The need to move the Internet from IPv4 to IPv6 is inevitable. Almost all of the addresses allowed by the 32 bit based addressing scheme used in IPv4 have been assigned. The 128 bit addressing scheme within IPv6 solves that issue. While the number of available addresses is a significant driver in the need for IPv6, this isn’t the only benefit to be derived. Other benefits include added security, mobility extensions, communication and addressing to the end device, etc.
The North America IPv6 Summit, one of the premier IPv6 shows in the world, was held on April 9-11 in Denver, Colorado. It focused on educating people on IPv6, providing insight on how to make the transition from IPv4, showed products and technology capable of supporting IPv6. The attendees ranged in background from people just learning about IPv6 to people who are intimately involved with implementing IPv6 with all levels of experience in between.
The event has grown every year and has added breadth of knowledge and increased participation.

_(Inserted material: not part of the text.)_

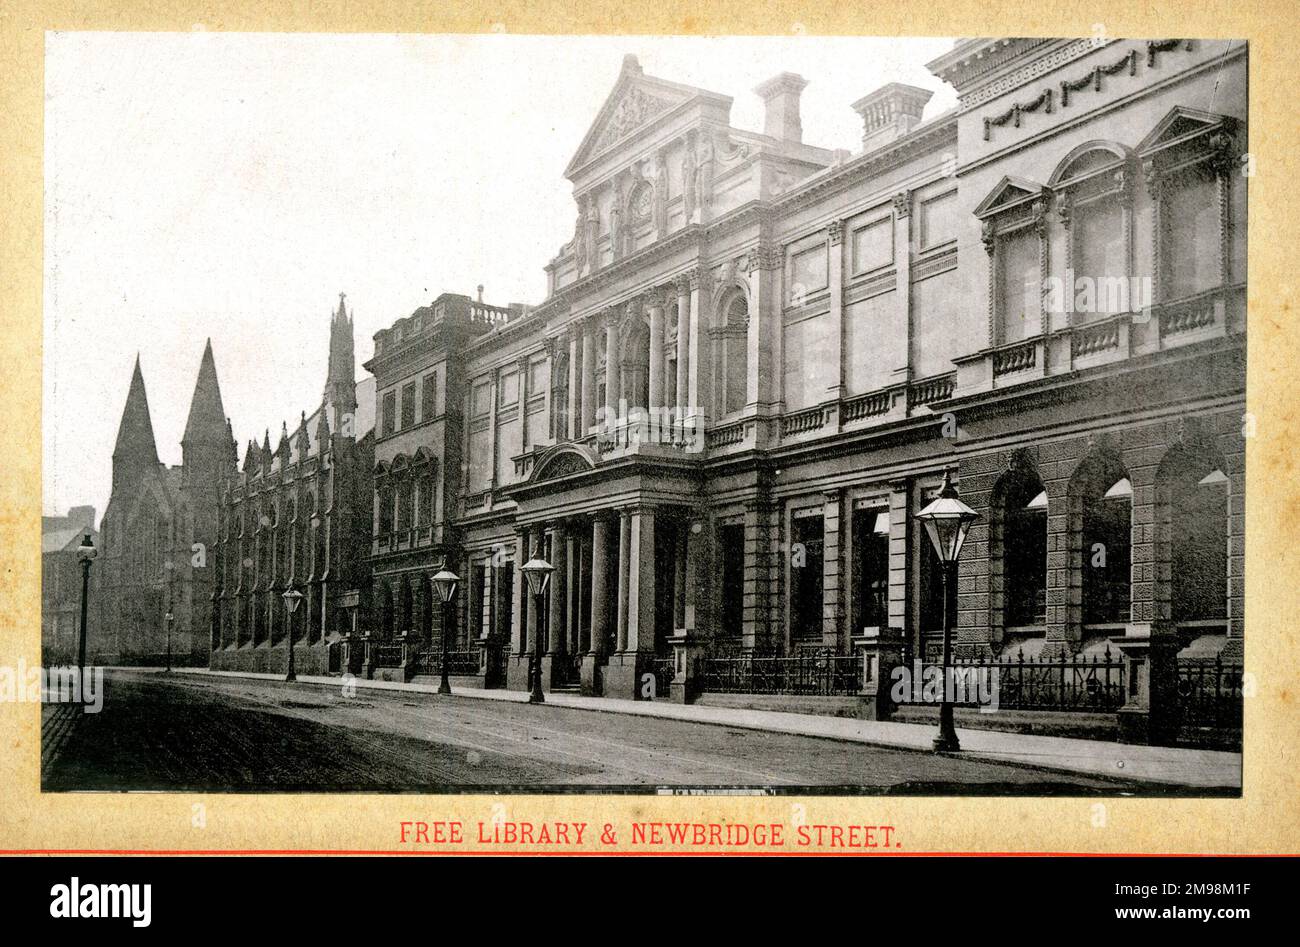 Newcastle upon Tyne - Biblioteca gratuita e Newbridge Street. Foto Stock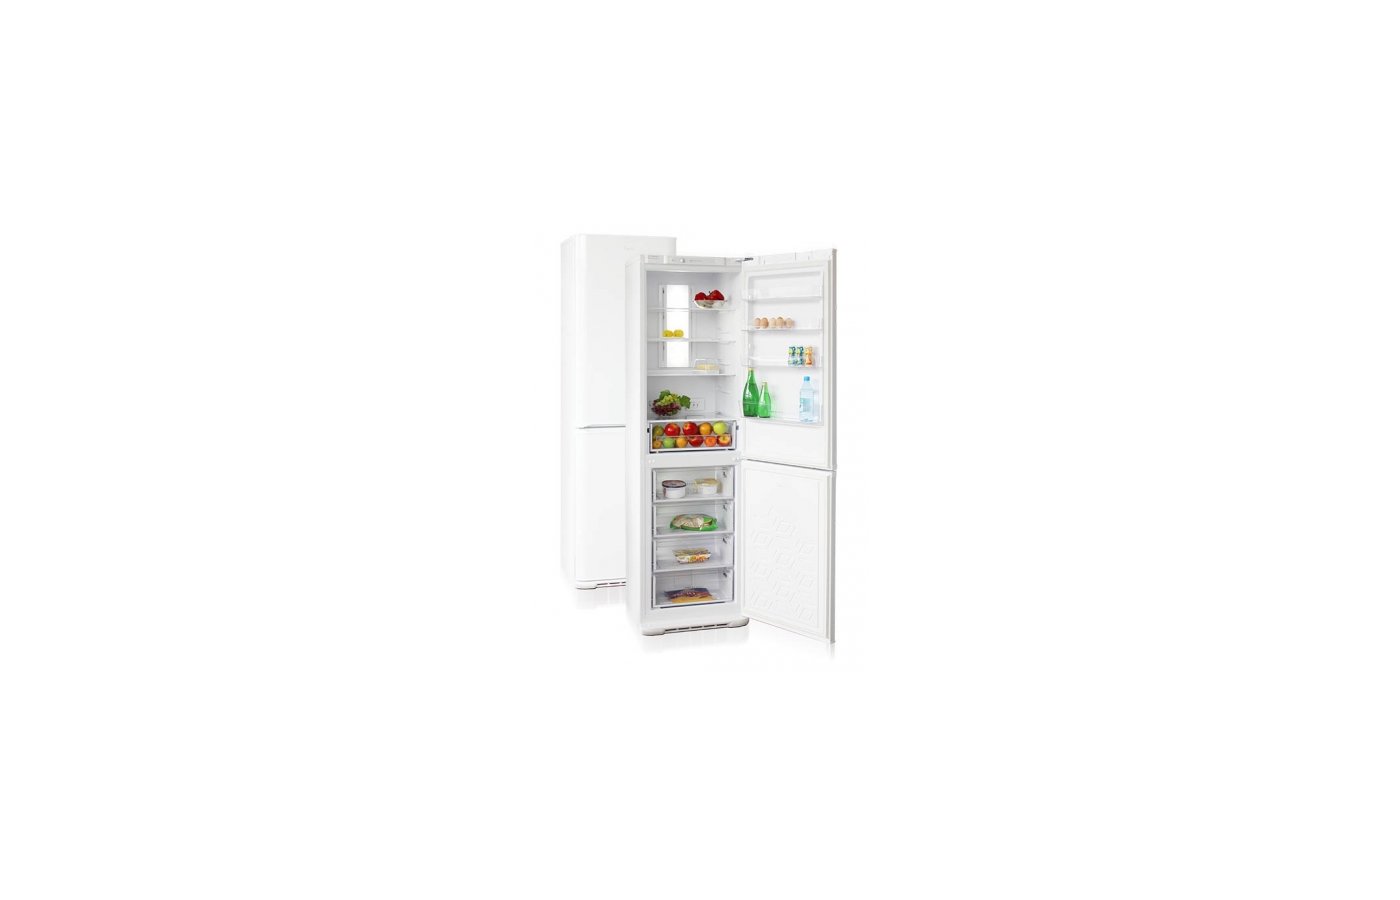 Бирюса 380nf. Холодильник Бирюса 380nf. Бирюса 340nf. Двухкамерный холодильник Бирюса 380nf. Холодильник Бирюса 340nf белый.

It is not unusual to meet people from the all over the U.S. along with people from other countries such as Brazil, France, etc… even Texas;)
The list of sponsors included a wide range of savvy companies and organization that have the foresight see the need to continue to improve the Internet.
This event was organized by the Rocky Mountain IPv6 Task Force (rmv6tf). My hat is off to the members of the rmv6tf. This is a group of volunteers who see the inevitable need for the Internet to move to IPv6. The group was formed in 2007 by a handful of dedicated technologists. They have organized this event every year since 2008 with consistency and quality to create the summit.